So the British government has finally roused itself from its slumber of self-regarding introspection to issue a stern condemnation of Zimbabwe’s latest political pantomime. How very noble. How very... predictable. One can almost hear the collective tutting from the salons of Islington to the cloisters of the Foreign Office. But let us not mistake this for genuine moral outrage. This is the reflex of a decaying empire, a ritualistic dance of disapproval that serves only to reassure the British public that their leaders still possess some vestige of global authority. In truth, it is a sad echo of the Victorian era, when Britain could actually back up its moralising with gunboats and a robust sense of purpose. Now, we are left with press releases and sanctimony.

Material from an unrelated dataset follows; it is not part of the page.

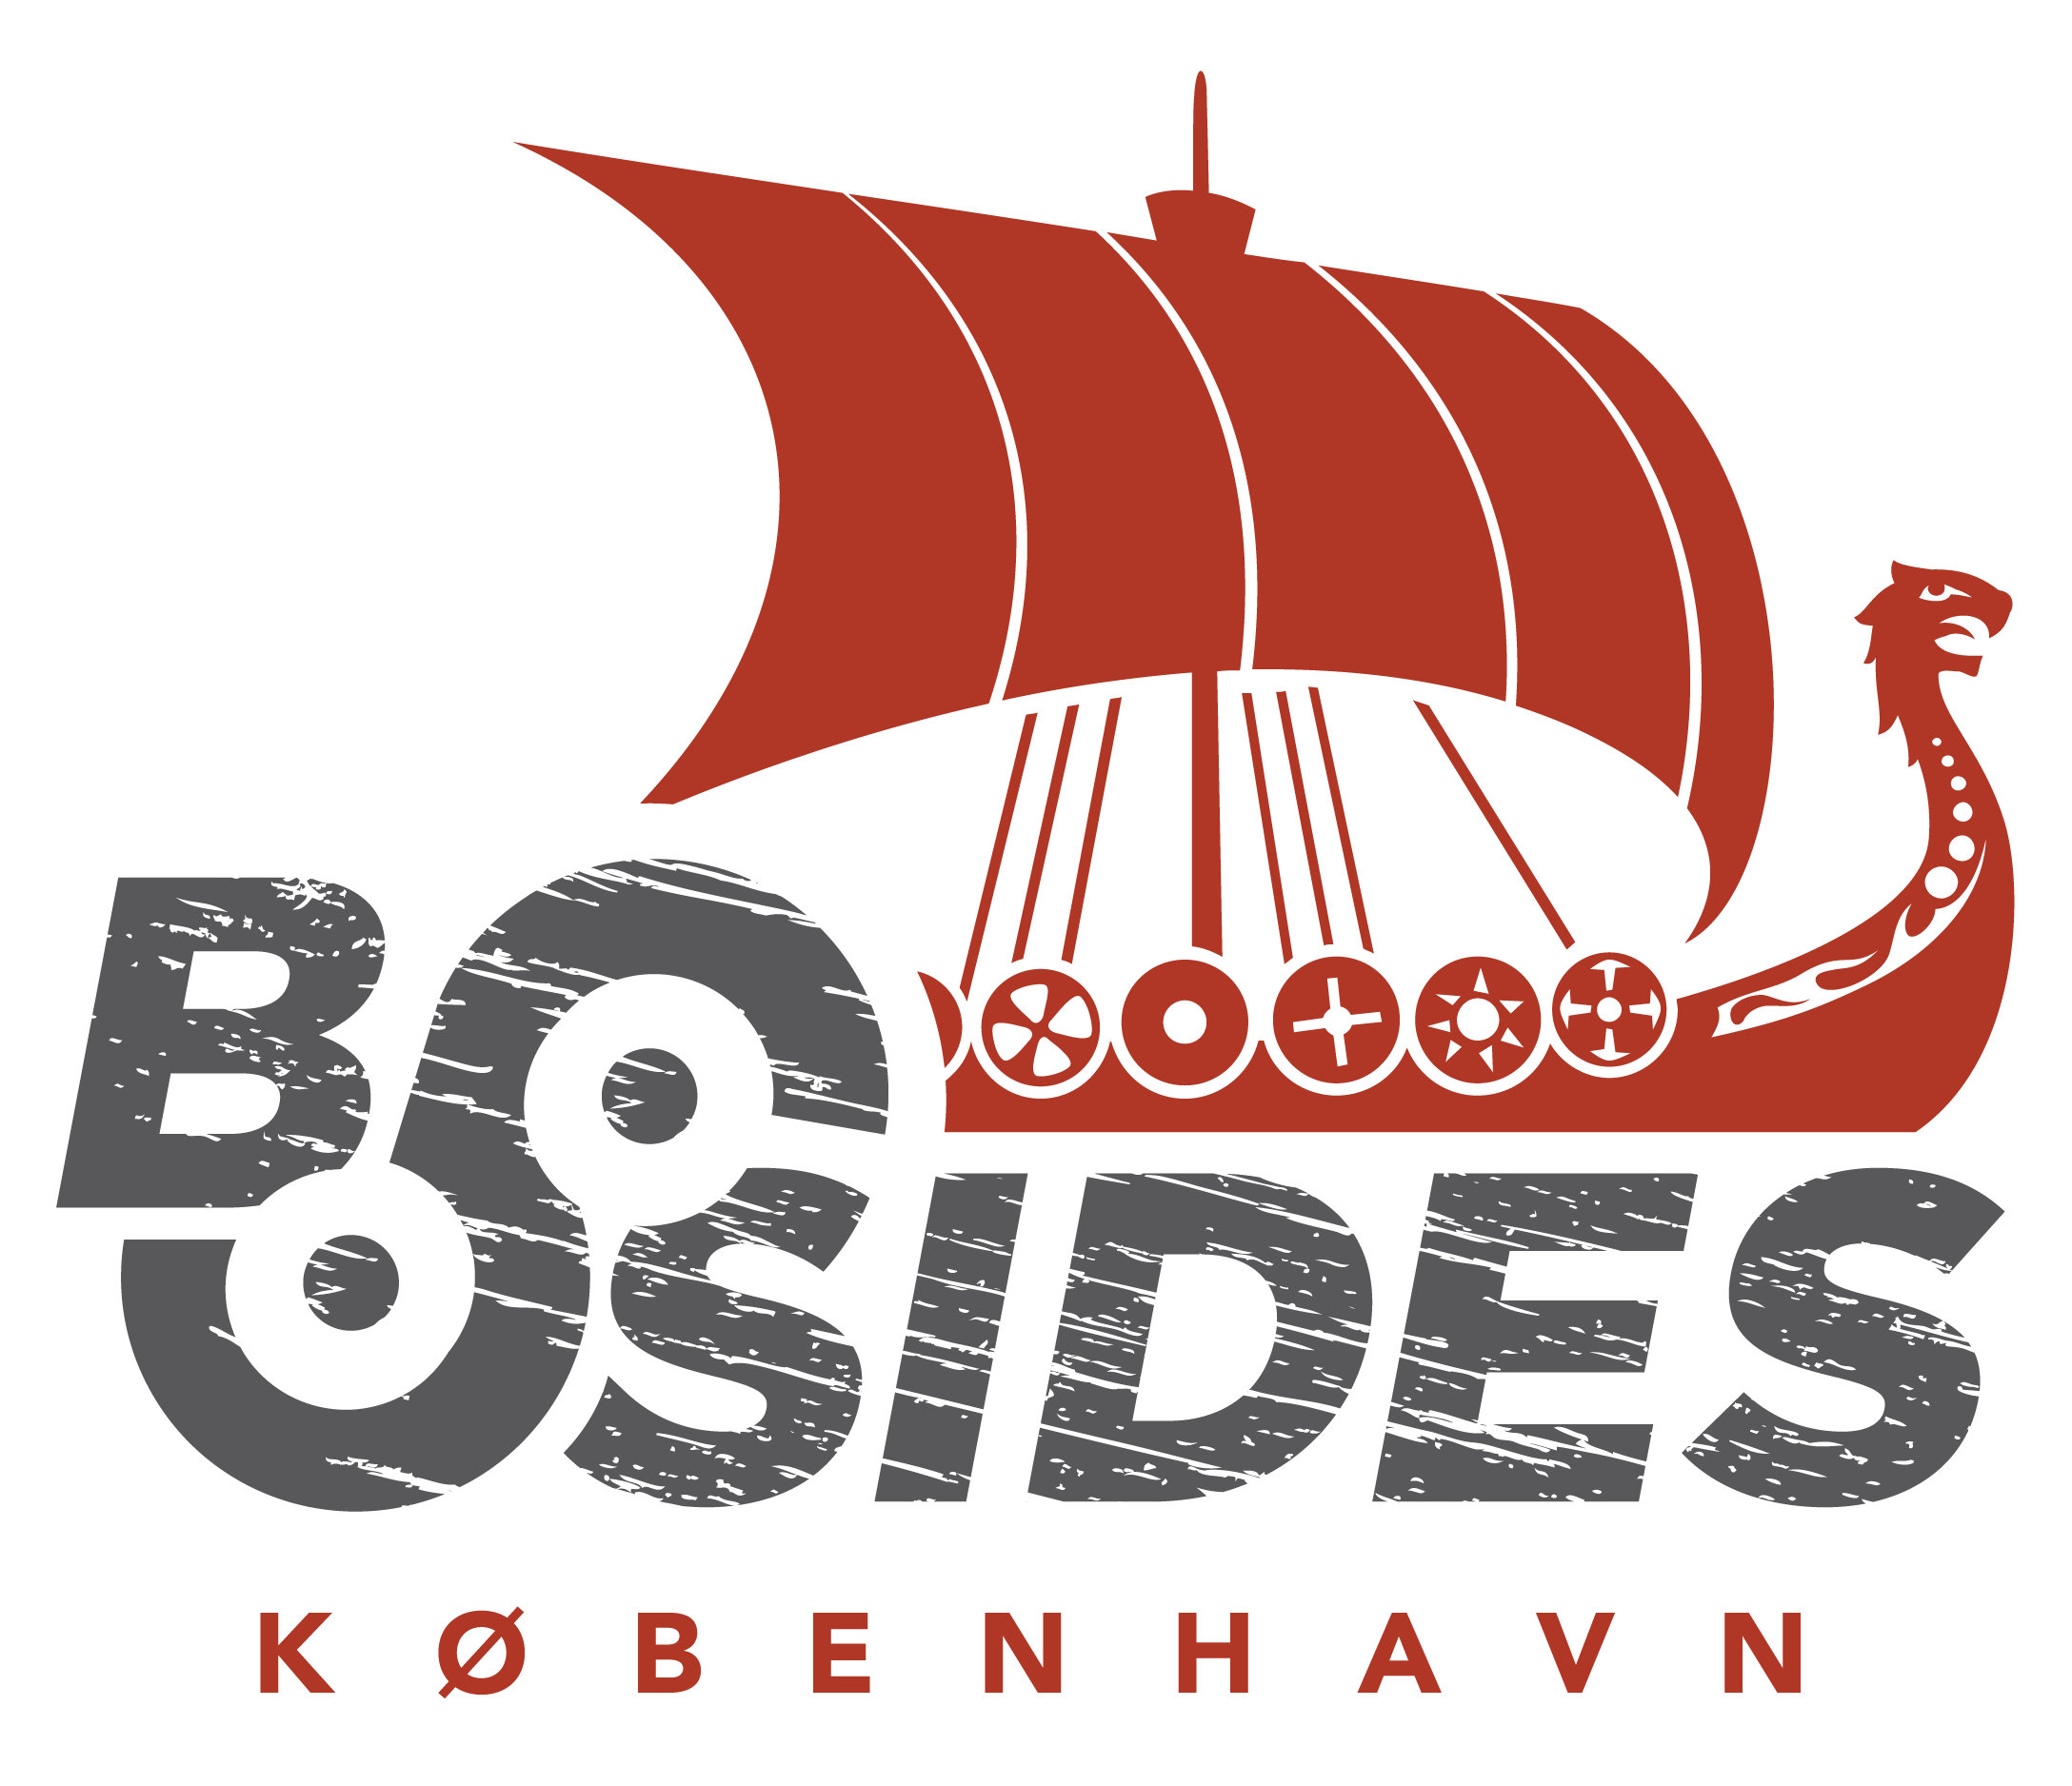 BSides København

Consider the substance of the condemnation. Zimbabwe’s parliament has extended President Emmerson Mnangagwa’s term until 2030, a move that stinks of autocratic convenience. The ruling Zanu-PF party, never a stranger to electoral chicanery, has simply dispensed with the pretense of democracy. This is not a power grab; it is a power retention, a continuation of the rot that has plagued Zimbabwe since the tragic decline of Robert Mugabe’s early promise. But what is Britain’s response? A few stern words from the Foreign Office, a tweet perhaps, and the promise of “targeted sanctions” that will hurt precisely no one of consequence. It is the moral equivalent of shaking a fist at a hurricane.
Yet, the truly galling aspect of this affair is the sheer hypocrisy on display. Britain, after all, is not exactly a bastion of democratic health itself. We have a House of Lords stuffed with hereditary peers and political appointees, a voting system that routinely produces governments with minority support, and a prime minister who ascended to office without a single general election. Meanwhile, our own government has used Covid-era emergency powers to ram through legislation with minimal scrutiny. The pot calling the kettle black has never seemed so apt.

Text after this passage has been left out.